Meanwhile Greece was characterised by "deserted train stations, shut down trains and deserted ports" according to Euronews’ Italian service. The day was marked by a widespread transport strike that’s likely to be overshadowed by a general strike planned for 12 May in a country that’s been "kneecapped by the crisis and the taxes imposed by the EU and the IMF," says the multilingual European news service.

In one of the last bastions of what was once called "actually existing socialism," Cuba, the state radio service dedicated much of its reporting to rebutting the supposed distortions of those "renegade and misinformed" bloggers who use networks like Facebook and Twitter to "offend the (Cuban) people and their leaders." Radio Cubana’s commentary claims these naysayers were overshadowed by the supporters of the "huge march, which showed that the youth and the generations born after the revolution are ready to defend its ideals".

Since a week ago, Cuban ideals include private property and taxes (which are to be reintroduced) and yes, Cuba’s very own austerity measures. There are also to be cuts to the socialist country’s public services in the coming months, writes Costa Rica’s El País.

Elsewhere in Latin America, leaders tried to show their "engagement with the labour agenda," according to Honduran paper La Tribuna. With much of the continent dominated by centre left and leftist leaders, many messages of solidarity with workers were offered, reports the daily. Paraguyan leader Fernando Lugo’s message to workers offered guarantees that conditions for workers will improve: "it’s not enough for macroeconomic conditions in Paraguay to improve if a job is still something to be attained for many workers."
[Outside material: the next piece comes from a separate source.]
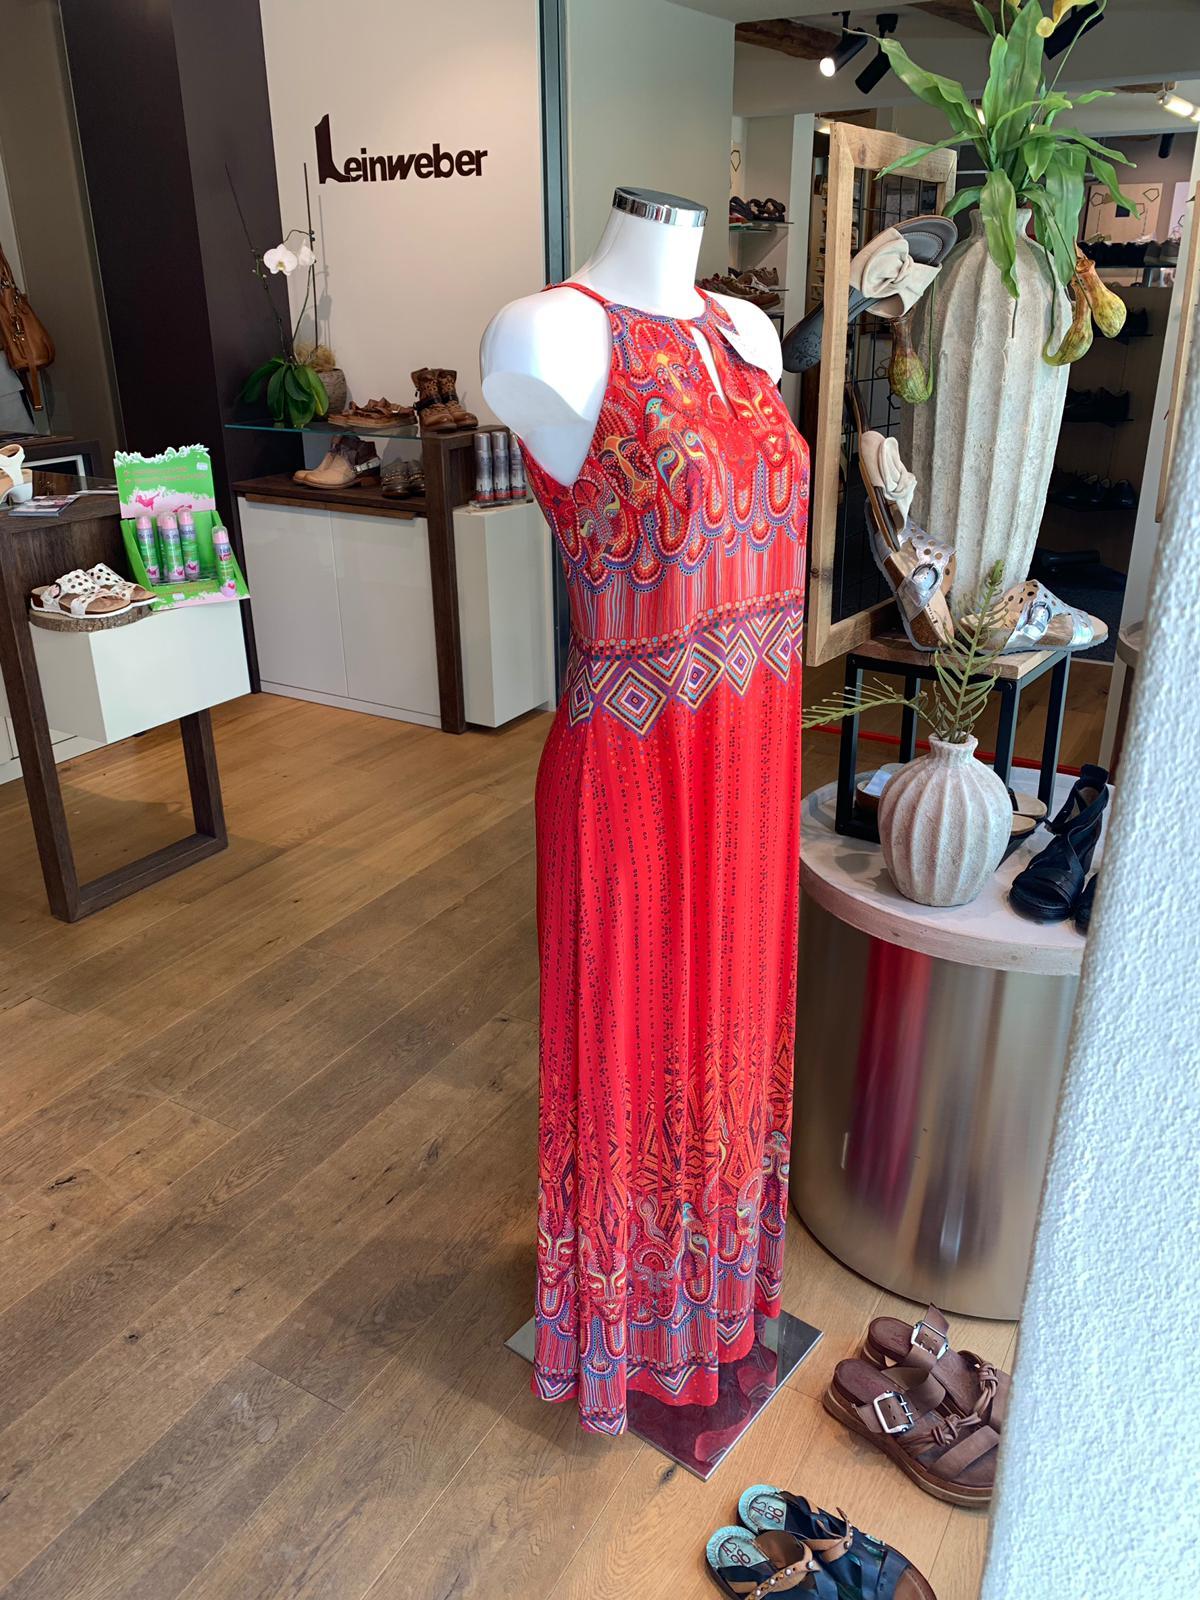 Viscose Kleid im top-aktuellen Look von Ivko. Im wunderschönen  Laden von Leinweber!
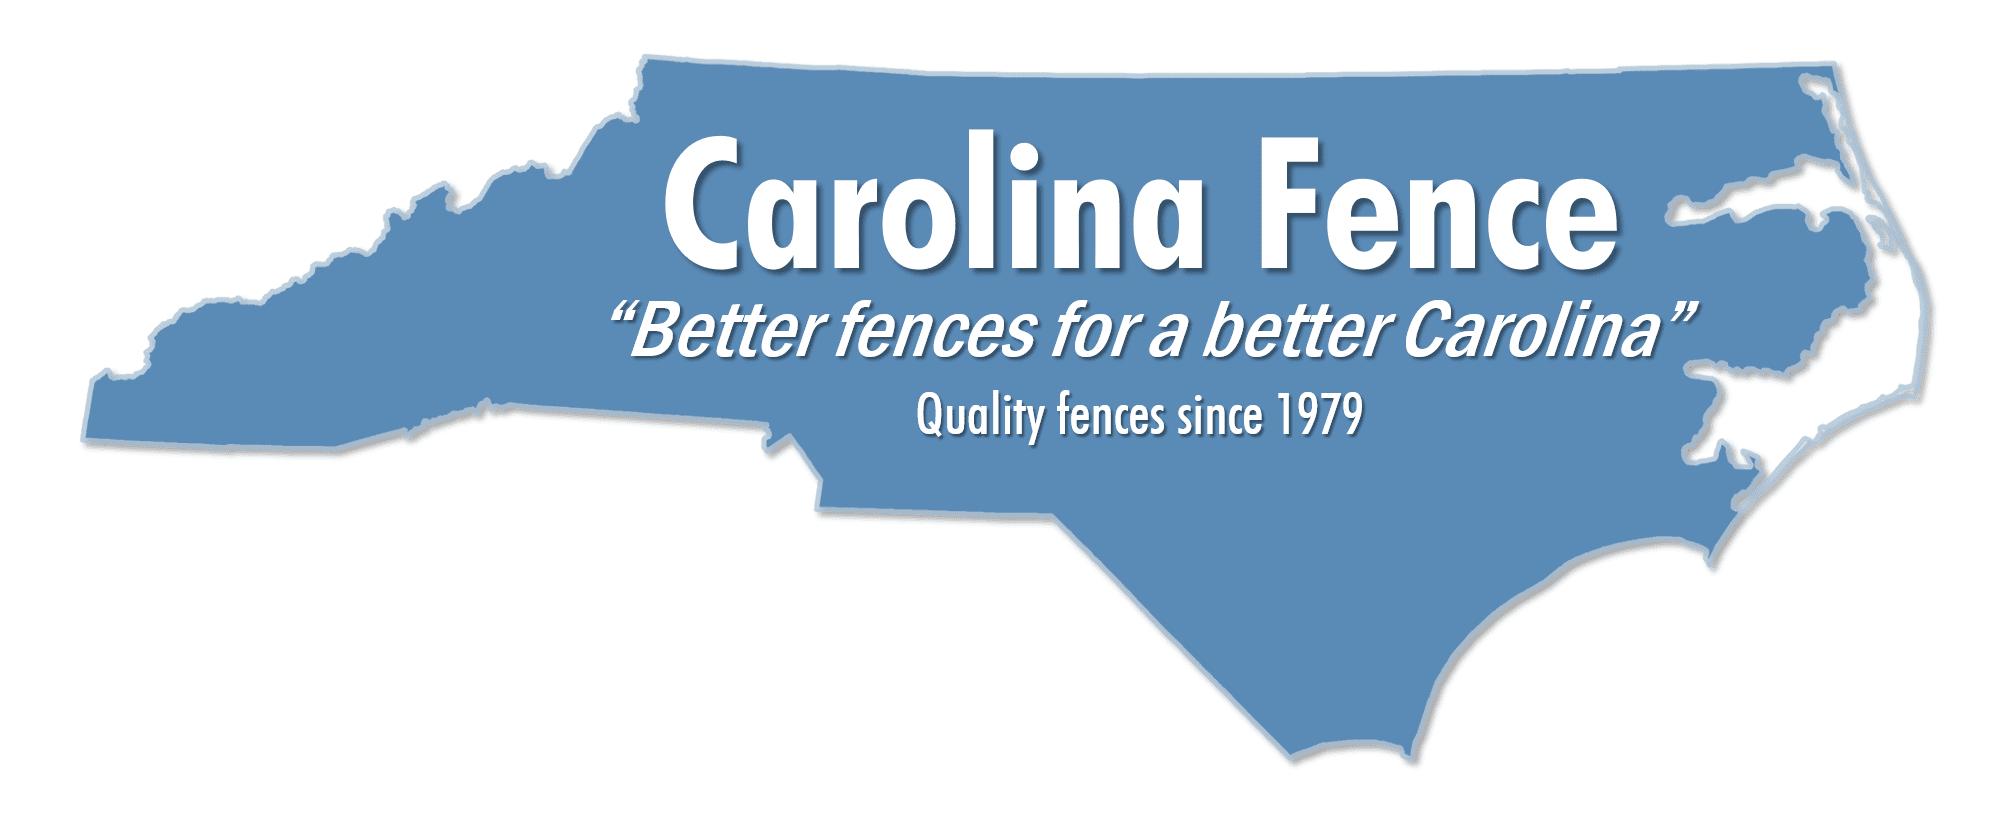 Carolina Fence

However, continues the paper, elsewhere in South America there are signs that divisions are emerging between leftist governments and their trade union allies. Evo Morales, the first indigenous president of Bolivia — elected in 2006 with much hope for economic redistribution — was absent from the union rallies. Having "patently shown his distance (from worker’s demands for) better wages" in April, Morales preferred to celebrate privately with state workers, says La Tribuna.

Meanwhile in Tunisia and Egypt, workers celebrated the first "free" workers’ day since the fall of Ben Ali and Hosni Mubarak, reports Radio France International. "Workers, you prepare the bread, but live amongst the crumbs," shouted hundreds of demonstrators in the main boulevard of Tunis, says the broadcaster — which adds the "mood is hardly calm" in the Tunisian capital, despite the fall of Ben Ali, with demonstrations continuing daily. Social peace and tranquility do not reign in Egypt either, says RFI: around 40 trade unions have been created and "the political mobilisations on Tahir Square have been supplanted by workers’ mobilisations."

Foremost among the demands of Egyptian workers: a call for a minimum wage of around $250, a pittance that brings to mind the first May Day "workers’ holiday", held in 1856 in Australia.